The monster shrinks when you bring it into the light.
3. Know your triggers.
What pushes you toward it?
Boredom? Sadness? Loneliness? Anger? A certain time of night?
Understand your triggers, and you can avoid them.
4. Replace, don’t erase.
You can’t just stop. The void will fill itself.
Replace the bad habit with a better one.
Exercise. Read. Walk. Anything.
Fill the space before it fills itself.
5. Forgive yourself.
You’ll fall — once, twice, ten times.
That doesn’t mean you’ve failed. It only means you’re human.
Get up. Try again.

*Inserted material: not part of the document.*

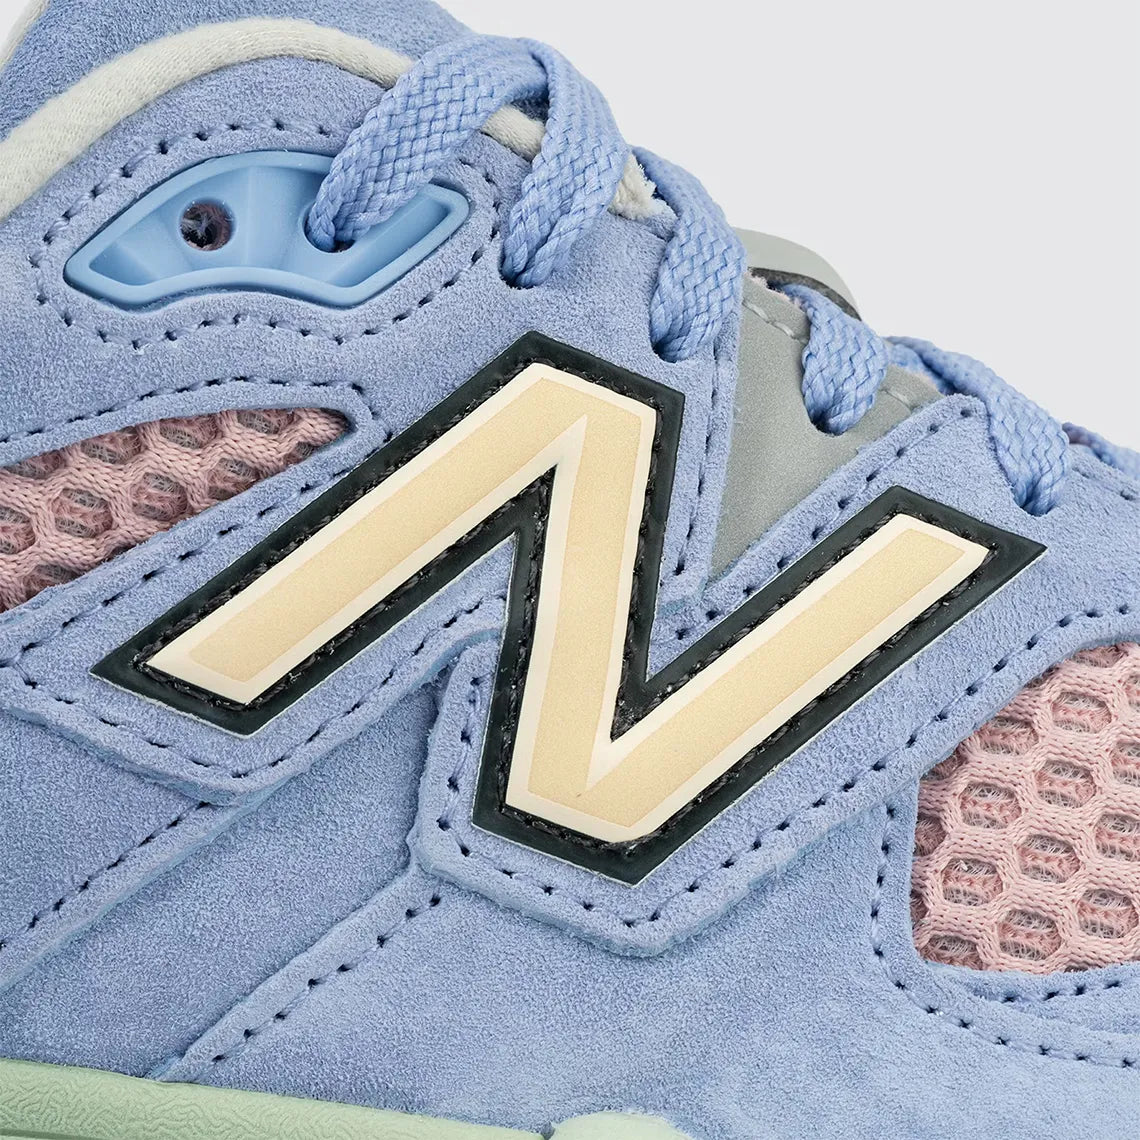 New Balance 9060 The Whitaker Group Missing Pieces Daydream Blue

Climbing isn’t a straight line — it’s falling and rising over and over again.
The Truth No One Tells You:
Climbing up takes far longer than falling down.
You may have descended in months, but it might take years to rise again. And that’s fair. Because the habit wasn’t built overnight — and it won’t break overnight.
Why I’m Writing This:
Not because I’m healed. Not because I’ve won.
But because I’m still fighting — and I want you to know:
If you’re on the first step: don’t go down.
If you’re in the middle: climb now.
If you’re at the bottom: it’s still possible.
One Last Thing:
That thing you do in the dark — the one you hide, deny, lie about —You’re not the only one.
Millions are fighting the same battle.
Some have won.
Some are still fighting.
Some have given up.
But none of them are alone.
I don’t know you. But I know your battle. Because it’s mine too.
Stop at the first step. Or climb from where you are. But don’t stay at the bottom.
The bottom isn’t a place to live —It’s a place to die slowly.
Help exists — but you have to reach for it. And you deserve to live.